9 Mayıs 2013 Perşembe

Özgür olamaya bir o kadar hevesli fakat sevmeye bir o kadar yeteneksizdin sen. Sanma ki benim gözümdeki kadar muhteşemsin, sanma ki gidersen ölürüm ya da vazgeçilmezsin. Sen sadece doğru zamanda doğru yerdeydin. Senin hep ön rafta kalmanı dilerdim fakat tozlandın zamanla içindeki kibirle. Bana hep adamlıktan bahsederdin bir mahkumun özgürlükten bahsetmesi gibi. Sen ki daha çocuksun sevdiğim, her eli boş olana uzattığın ellerin ne denli yakıyor tenimi bilemezsin. Benim ne kaybedecek bir şeyim var ne de korkum. Kahraman sendin lafta oysa hep cesur olan ben oldum. Az mı kestim önünü, az mı sormadım hep o cevap veremediğin soruları. Düşün... Düşün o yerlere göklere sığdıramadığın gururun bende mi büyüdü sadece yüreğinde? Ben bana koşarak geldiğini sanarken sen bir başka yürekten kaçıyormuşsun oysa, benden tüm gücünle kaçtığında anladım. Bana savurduğun bir kaç iyi kelime merhametinden miydi? Söyle. Ya da söyle kendin için atan bir kalbi param parça ederken kime ödünç vermiştin merhametini? O kızı kalbine ağır geldiği için mi attın bir köşeye yoksa kalbin kalabalık olduğu için mi? Söyle, sözler verirken kaç şehir uzaktaydı adamlığın? Bana sakın şimdi emekten bahsetme. Aptal olan bendim ki yeri göğü dolaştım o aşık olduğum adamı bulayım diye. Sen sadece bir sokak kedisiydin fırın başında bekleyen, nankördün de. Geri döneceksin biliyorum, yorgun olacaksın, bitkin, çaresiz ama asla pişman değil. Ben yine sormayacağım sana nerdeydin diye. Tutacağım ellerini ve sarılacağım... Seni arkandan izlerken söylediğim kaç küfür varsa bir bir atacağım denize. Öyle sıkı saracağım ki seni, o an anlayacaksın bunun bir veda olduğunu. Sen bir kedinin nankör olduğunu göre göre ekmek veren kaç fırıncı gördün ki?

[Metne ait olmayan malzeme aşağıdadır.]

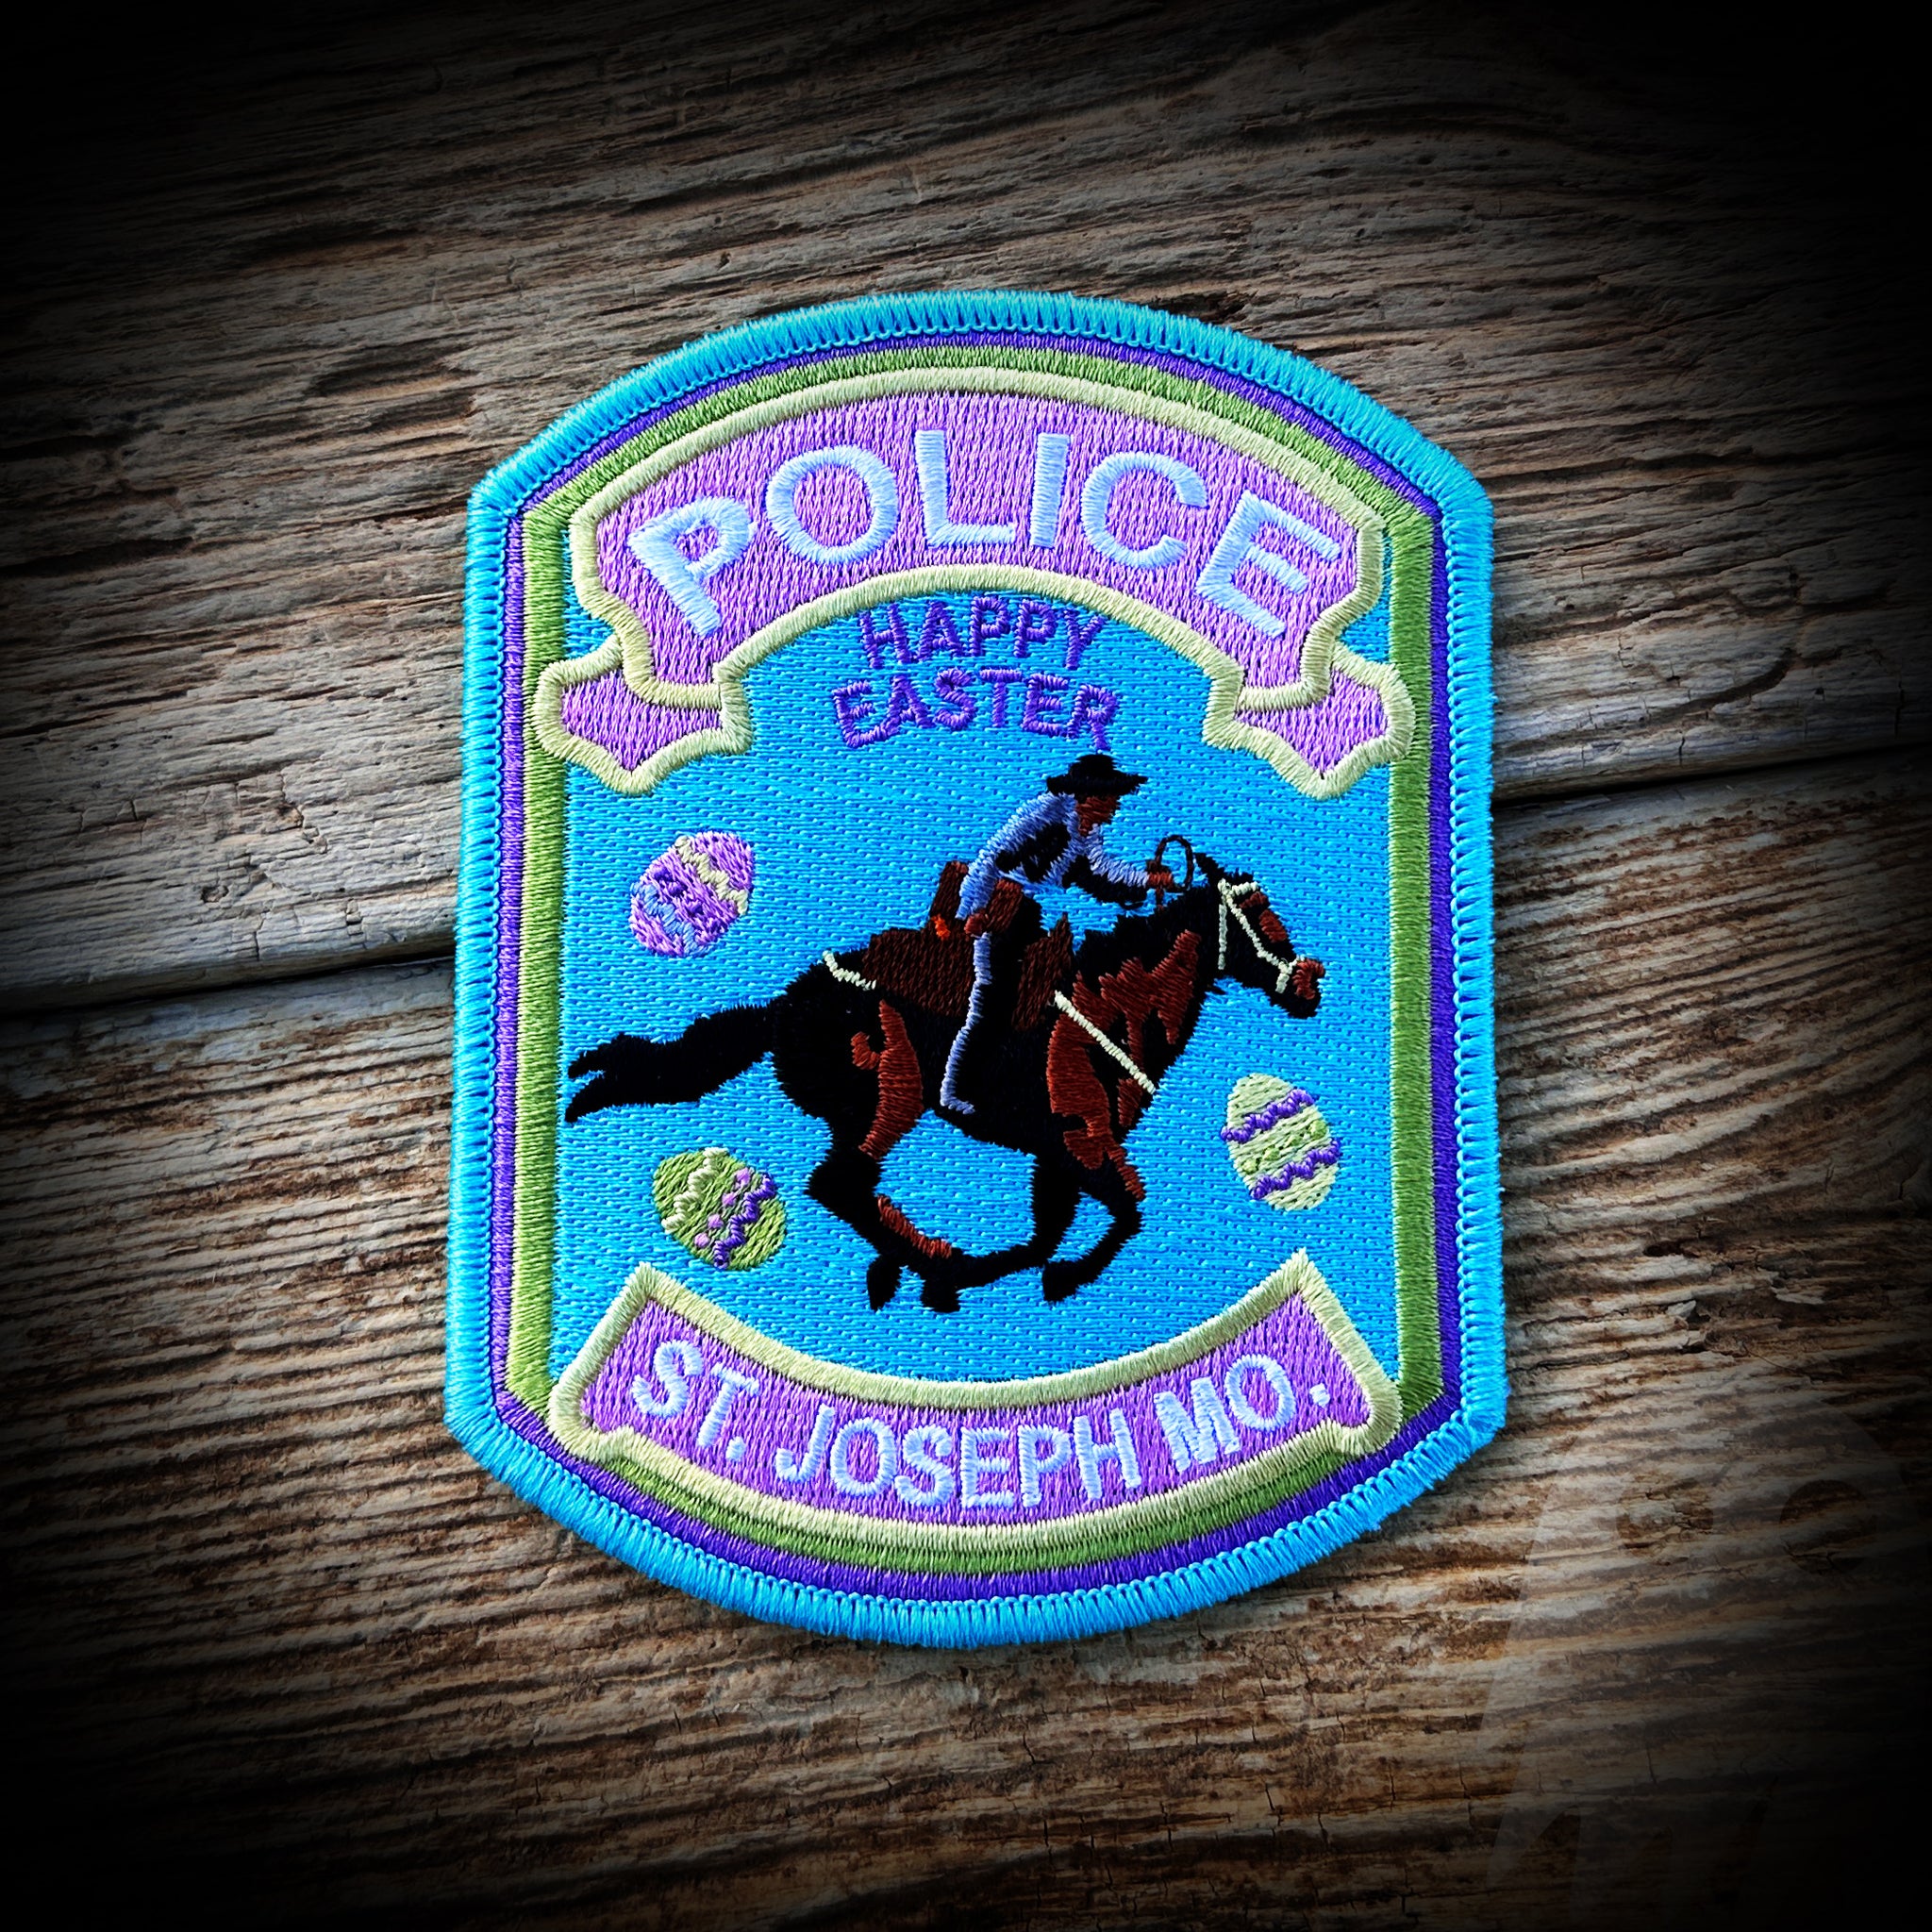 EASTER ORIGINAL - St. Joseph, MO Police Department 2023 Easter Traditional Patch - LIMITED AUTHENTIC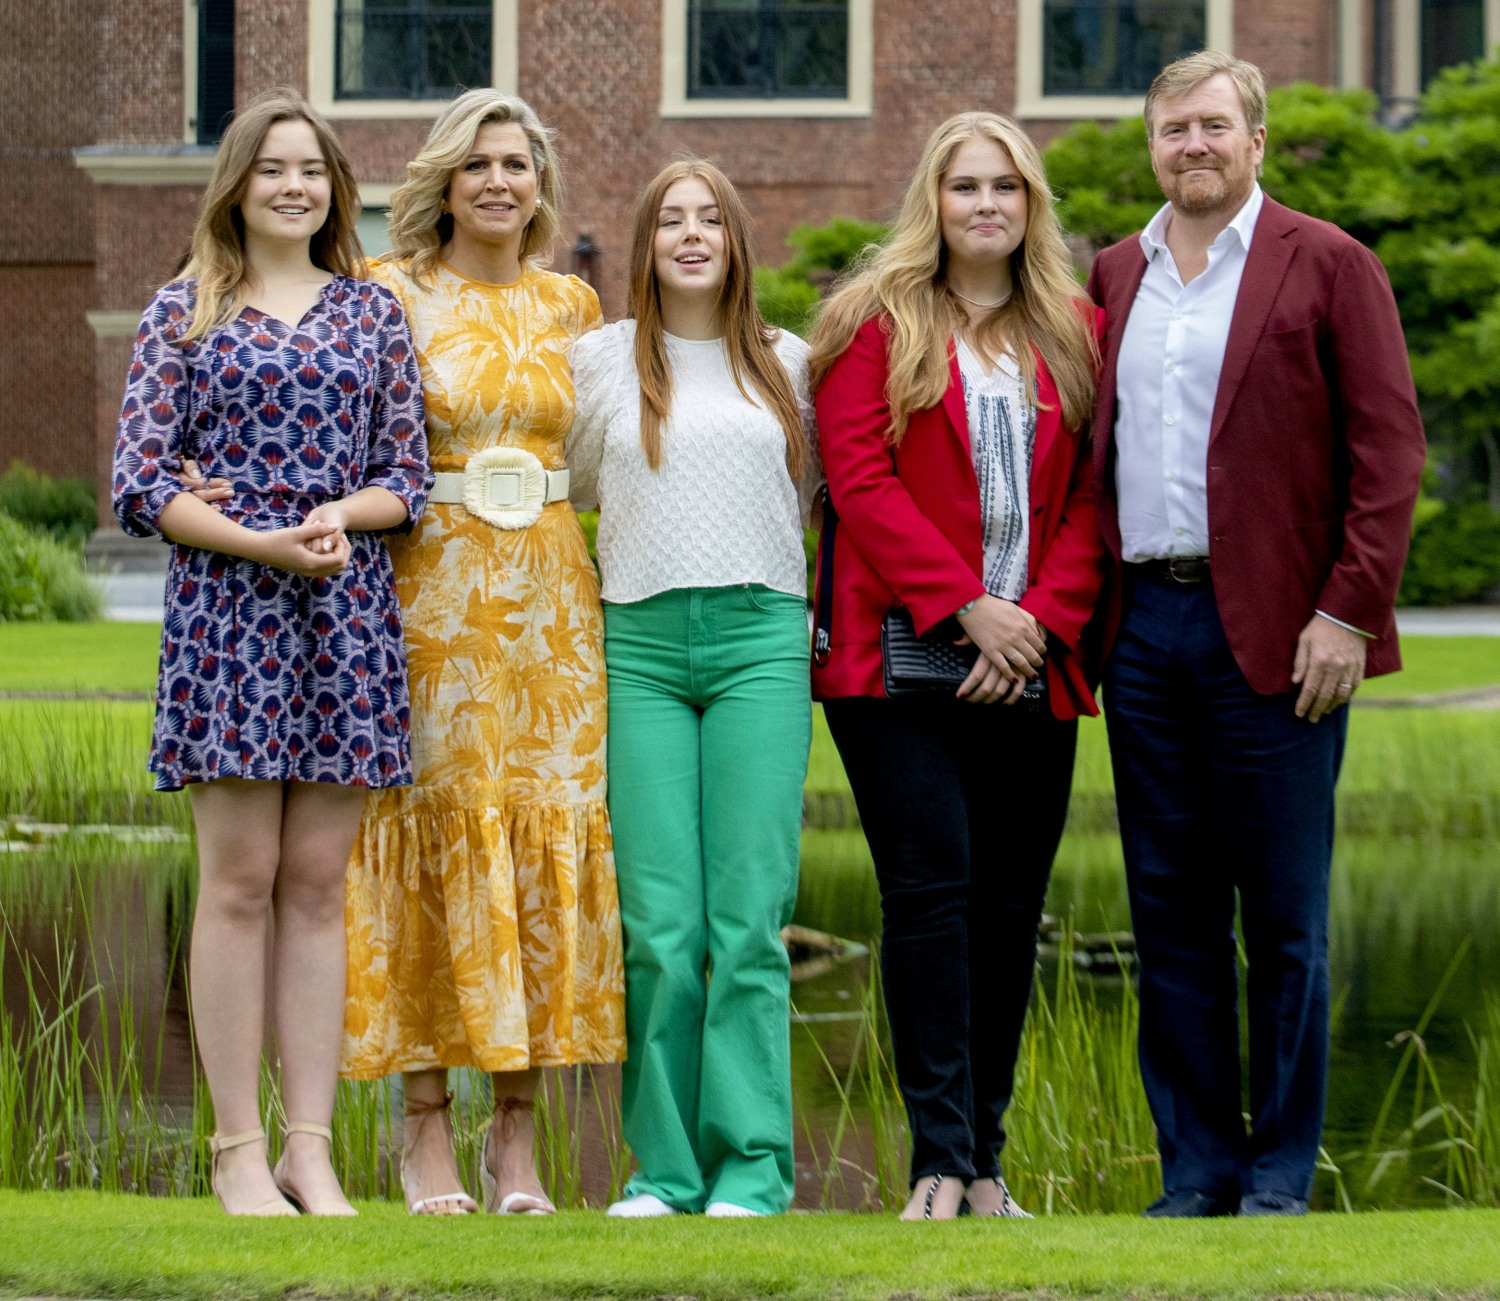 Photo session Dutch Royal Family Photo: Albert Nieboer / Netherlands OUT / Point de Vue OUT

Sen bana acıyacaksın, ben sana... Çünkü sen beni aptal sanacaksın, ben seni her şeye rağmen affederken içimde. Ve karşına geçip diyeceğim, sen benim kahramanımsın ve uçabiliyorsun. Fakat çok sonra anlayacağım nasıl uçabildiğini. Kahraman olduğundan değil, hafif olduğundan. O kadar hafif ki kişiliğin ne sevgiyi kaldırıyor ne vefayı ne de sadakati. Kendini özgür sanacaksın bir süre fakat çaresizsin ve yersizsin sadece. Sanma ki kürkçü dükkanı hep açık kalacak, bir bir kapanacak kapılar yüzüne. İşte o an ben aklına geleceğim. Gitme diye yalvardığım anlar gelecek bir bir aklına... Biraz gurur kalmışsa içinde gelmezsin fakat biliyorum gururun kaçmış ellerinden o uçurmanın ipinde.